Si no es en su vida terrenal, será inevitablemente al morir, pues el momento de la verdad es real para todos y nadie puede, en ese momento, esconderse, mentirse a sí mismo o evadirse. Todo hombre verá a Dios, lo quiera o no, y si ante Él aún lo rechaza, será muy grave para él.

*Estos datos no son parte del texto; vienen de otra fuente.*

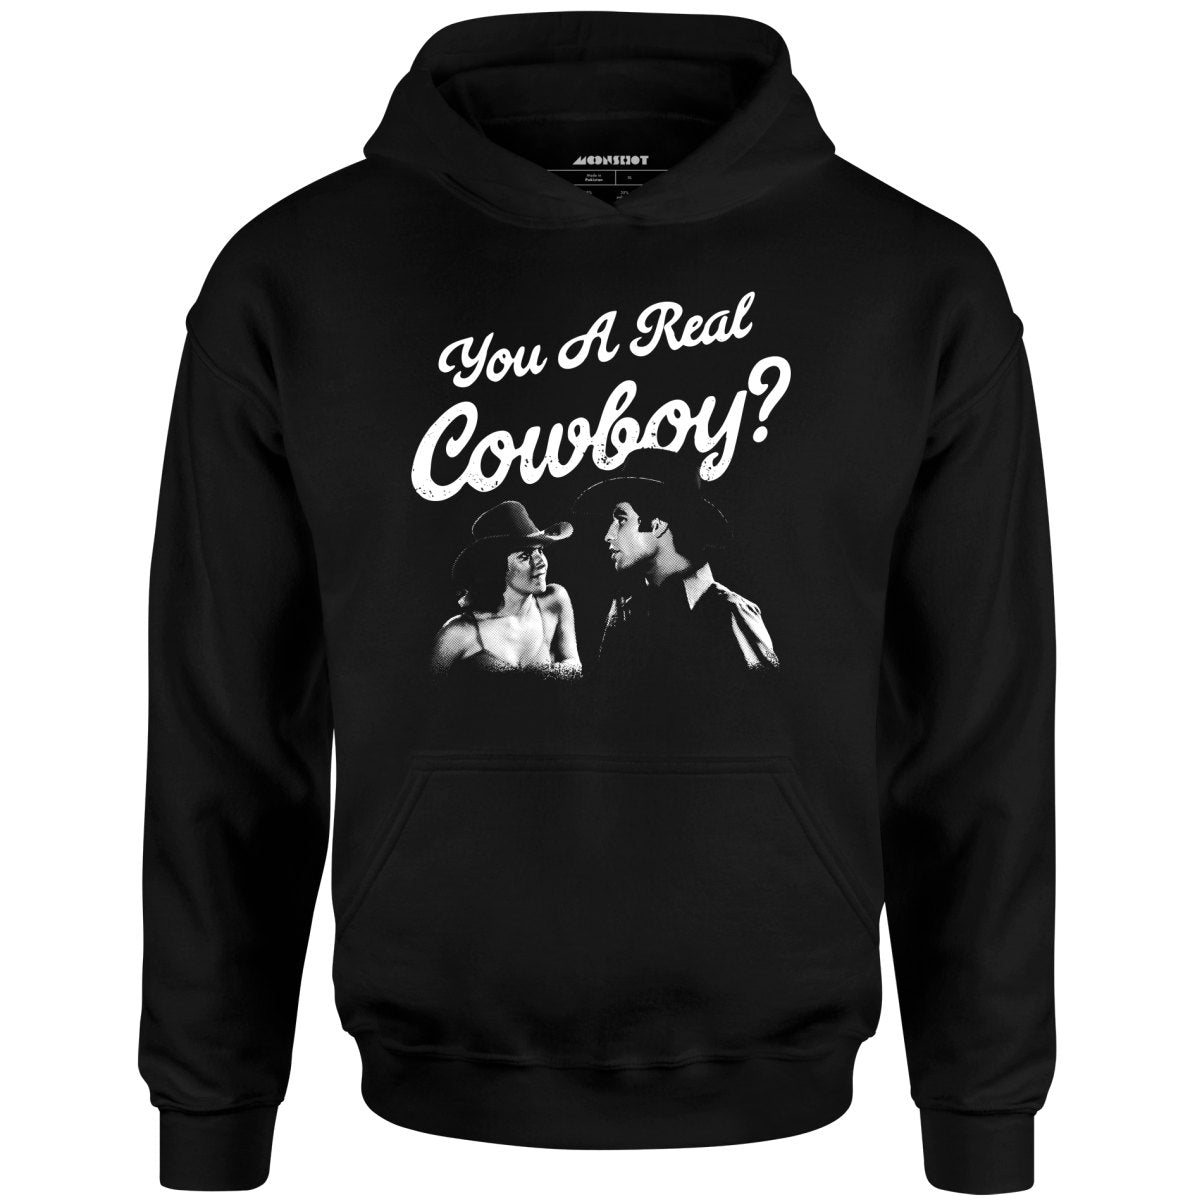 You a Real Cowboy? - Unisex Hoodie

Dios es tan Bueno, tan Hermoso, tan Acogedor, tan Atractivo, que solo las almas que lo han rechazado voluntariamente en la tierra podrán mostrarse insolentes ante Él, arrodillándose a regañadientes y sin ningún tipo de contrición. Tales almas no se abrirán a Su Bondad paterna; se cerrarán y rechazarán cualquier mano tendida en un último intento de acercamiento. Pero tal alma rebelde ya ha sellado su destino eterno y, con un giro insolente, se levanta y abandona ese momento en el que todo aún podía inclinarse a su favor. Acostumbrada a rechazar a Dios en la tierra, lo rechaza de nuevo en ese momento supremo en el que aún podría haberse confesado, arrepentido de sus desviaciones y postrado a los pies del Misericordioso, quien aún la habría perdonado.
Tal es el destino de muchas almas, demasiadas por desgracia, las cuales, acostumbradas a oponerse a Él, no encuentran la sencillez de rendirse ante la evidencia y conservan su actitud de rechazo cuando se encuentran ante la evidencia de lo contrario.

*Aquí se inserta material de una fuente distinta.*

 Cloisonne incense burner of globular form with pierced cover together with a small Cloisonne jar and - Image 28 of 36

Hijos míos, no sean ustedes como ellos, y que quienes los rodean acepten la evidencia: ustedes están vivos en la tierra, ¿por qué no iban a estar vivos en el Más Allá, en el mundo invisible?
Hay tantas cosas que no comprenden en la tierra, que no pueden alcanzar en el mundo visible, ¿y pretenden comprender lo invisible? No es porque no lo vean que no existe, del mismo modo que hay tantas cosas en la tierra que no dominan y, sin embargo, existen. Sean sencillos, sean humildes, reconozcan que son pequeños e ignorantes, admitan que tantas cosas los superan y admitirán humildemente que Dios existe, aunque no sea accesible a sus ojos.

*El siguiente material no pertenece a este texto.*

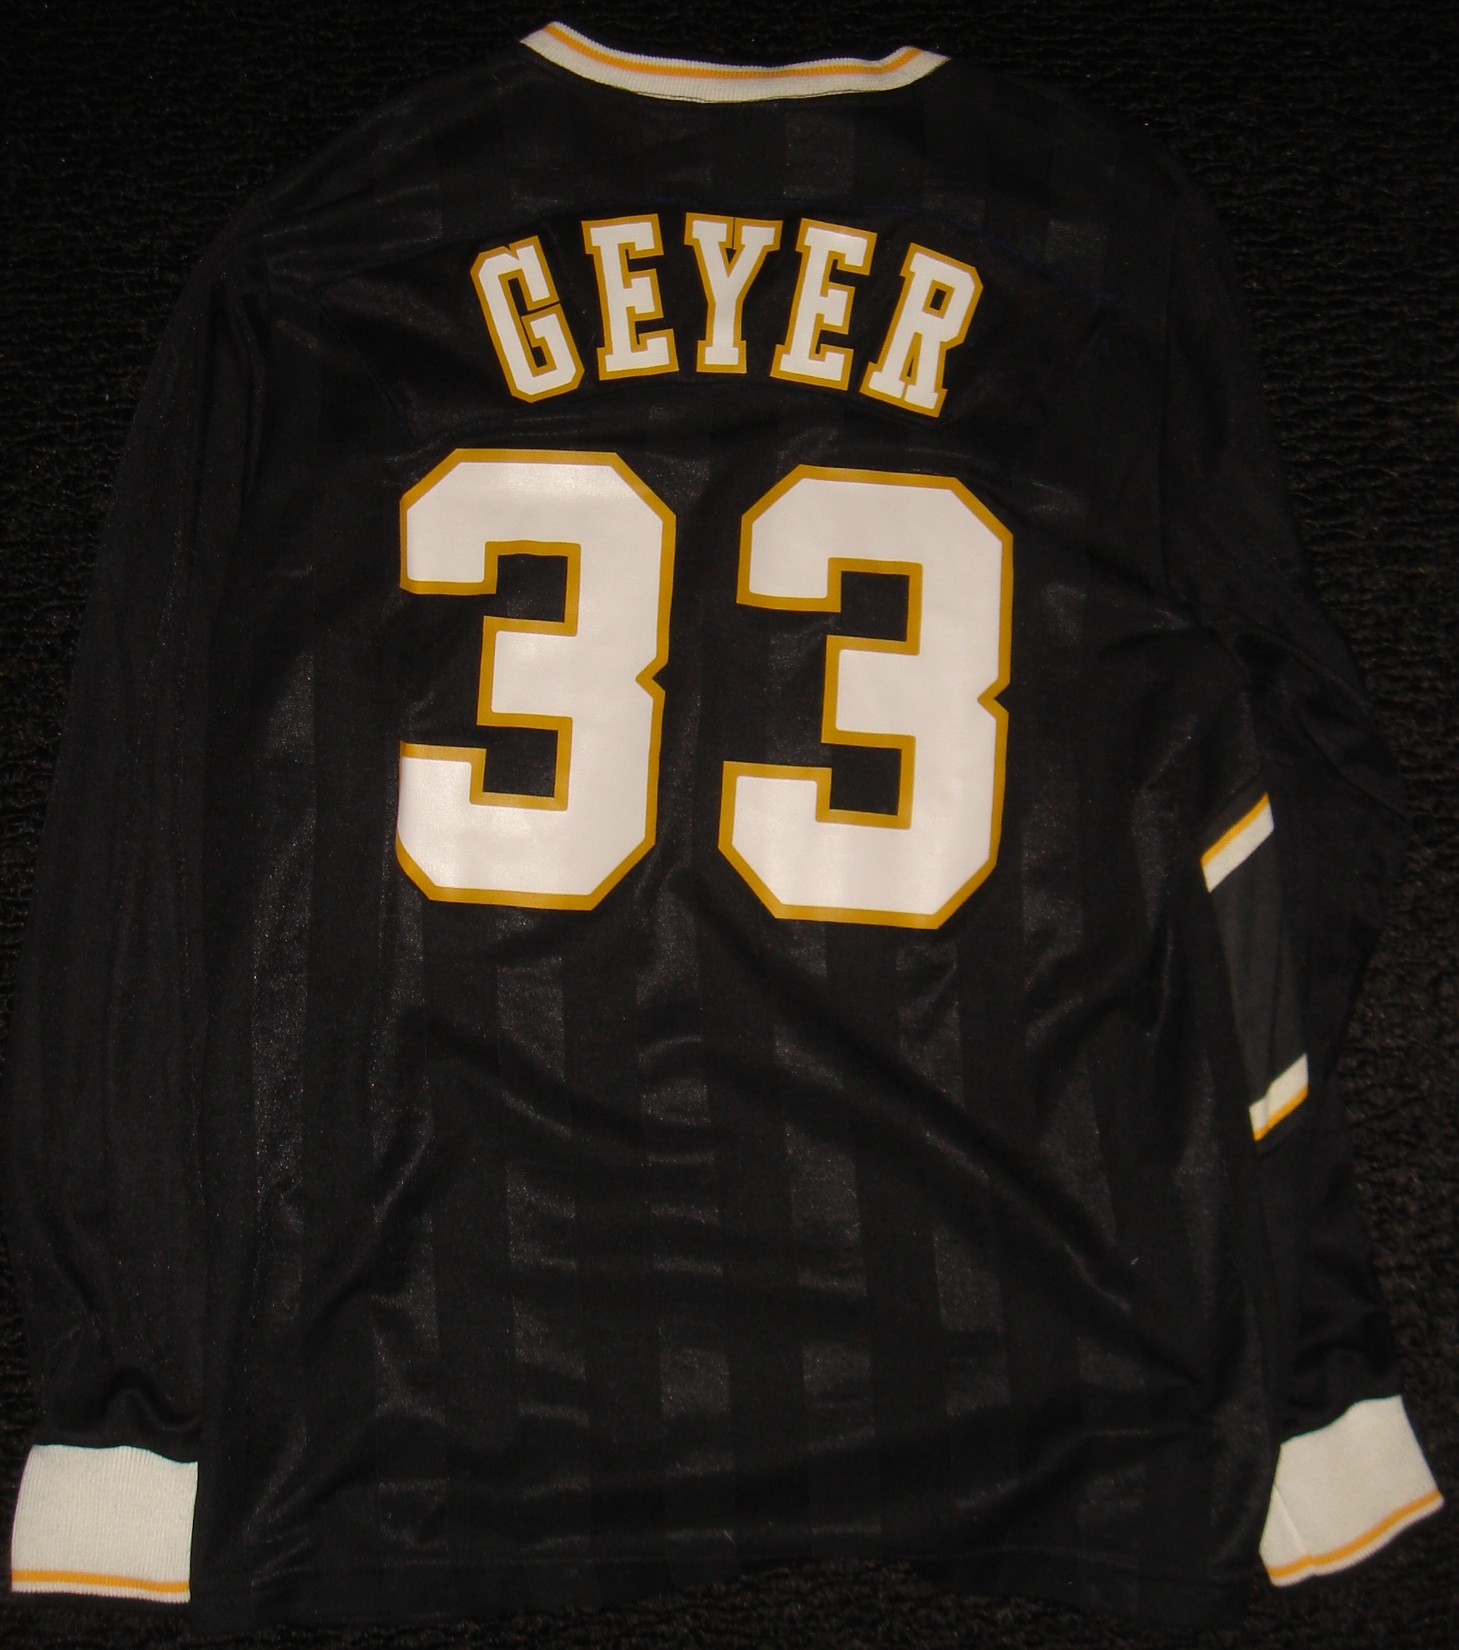  - Sting 84-85 Home Jersey Eric Geyer  Back

Mi existencia es un hecho histórico; los apóstoles fueron testigos de ello, muchos otros discípulos o incrédulos estuvieron a mi lado y, entre ellos, son numerosos los que se convirtieron. Y así se constituyó el cristianismo hasta convertirse en una gran civilización; pero algunos orgullosos, otros sin instrucción religiosa y otros más por obstinación se proclaman independientes y sin vínculo alguno conmigo, cuando yo he dado a todos mi vida y serían más felices si admitieran mi supremacía en lugar de rechazarla.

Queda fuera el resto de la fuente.